I have owned a Toshiba 65H14 for 3 years and it is JUST out of warranty... Now the picture chooses when to turn itself on and off no matter what is being viewed, the time of day, if the TV is warm or cold. After calling Toshiba support, poor choice, they are advising me to call a techncian to come to my house. I am out of their trained technicians travel area. In doing web research on my own, many distressing stories are unable to fix the problem after spending $500-700 (the web also calls this issue a "brown out"). 
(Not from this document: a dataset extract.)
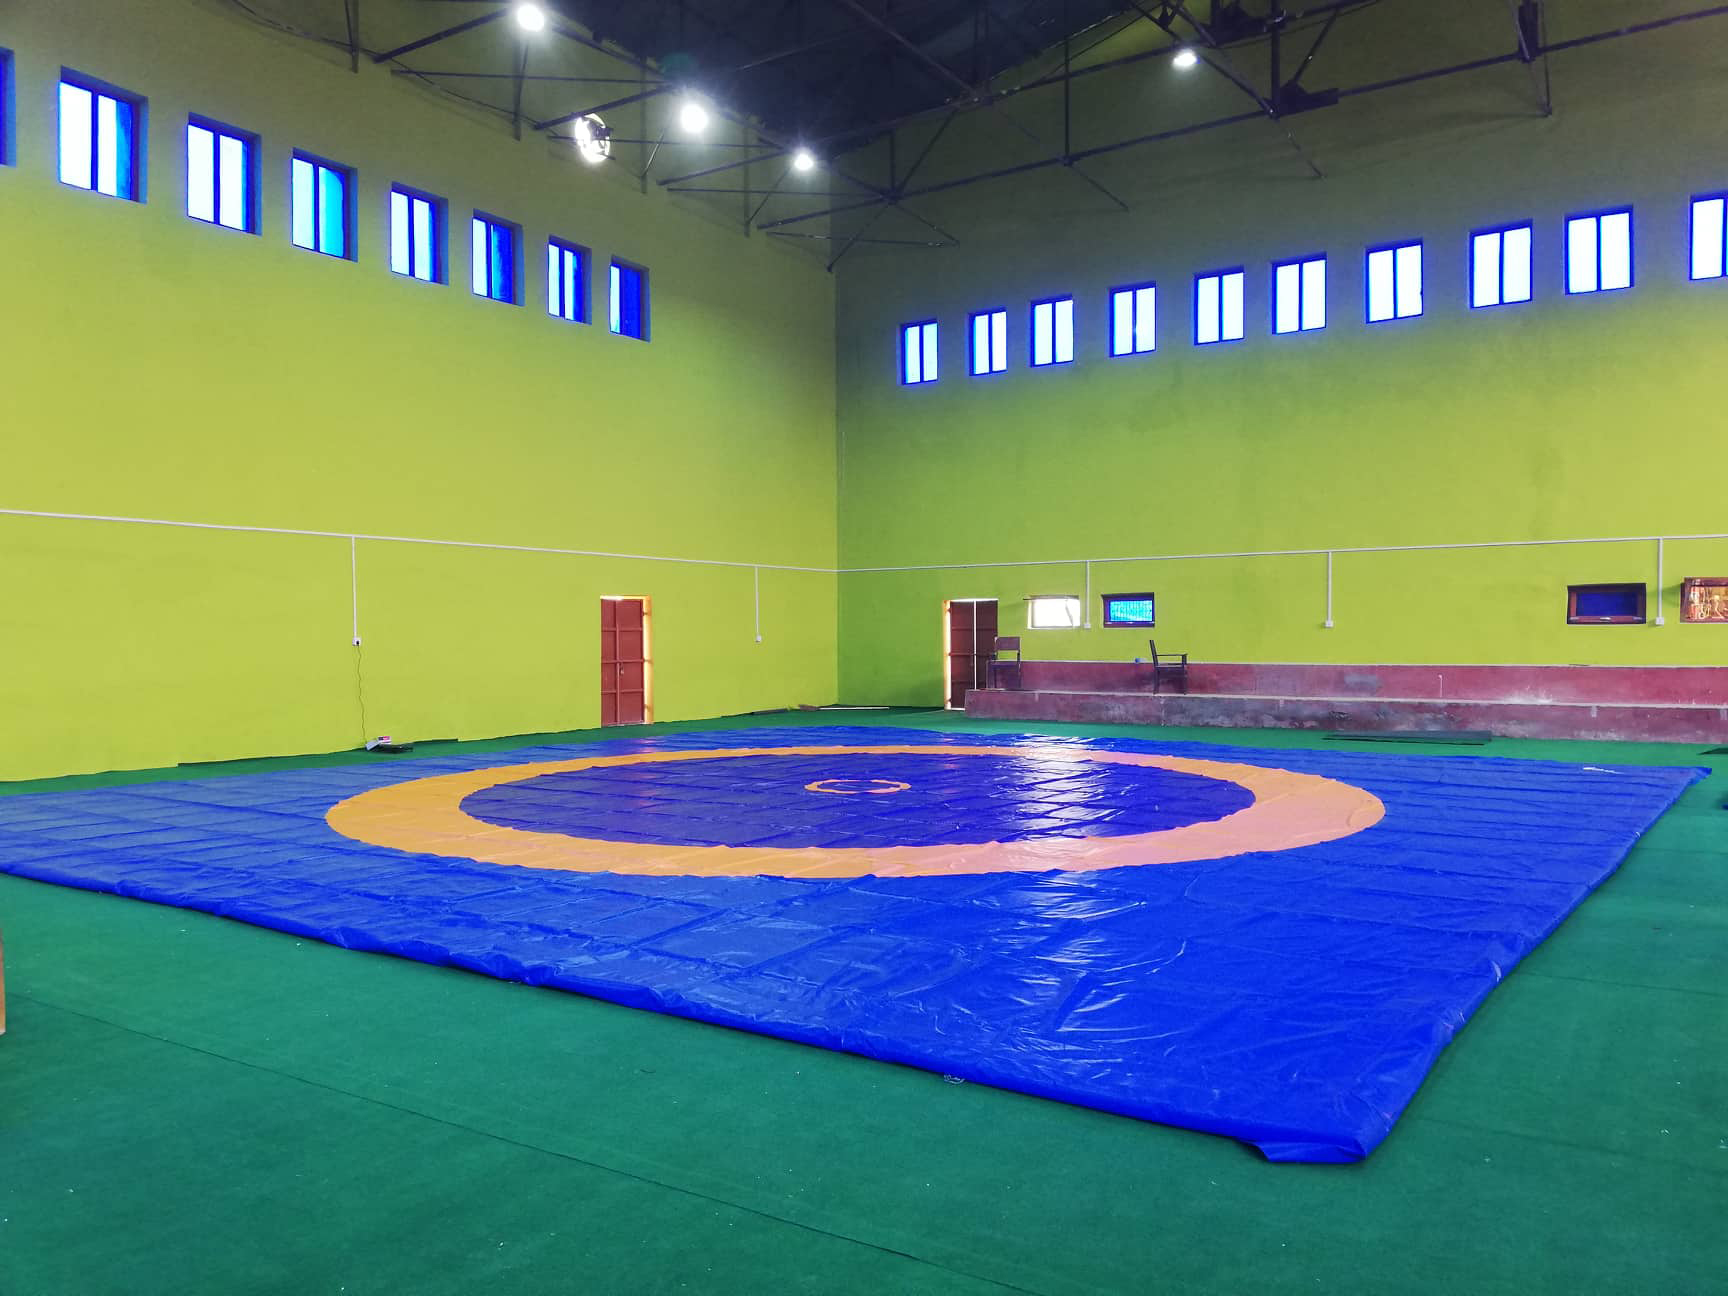 Fifteen selected for wrestling from Madhes province

Any advice on how to attempt to fix it prior to spending a lot of money or dubbing it as a $2200 feature coffee table in our living room?


----------



## richard matthews (Aug 25, 2008)

no guaranty but try this :
a. replace (IC) Q306 on the Power / Deflection board - Part Number 70119059
b. from the bottom of the Power / Deflection board add a zener diode part number
23357884 with the cathode lead soldered to jumper JP001 (Q306 pin 4) and
the anode lead attached to ground
c. place a small piece of insulating tape between the zener and the pcb​d. clean it up, trim leads and check for solder bridges (shorts).


----------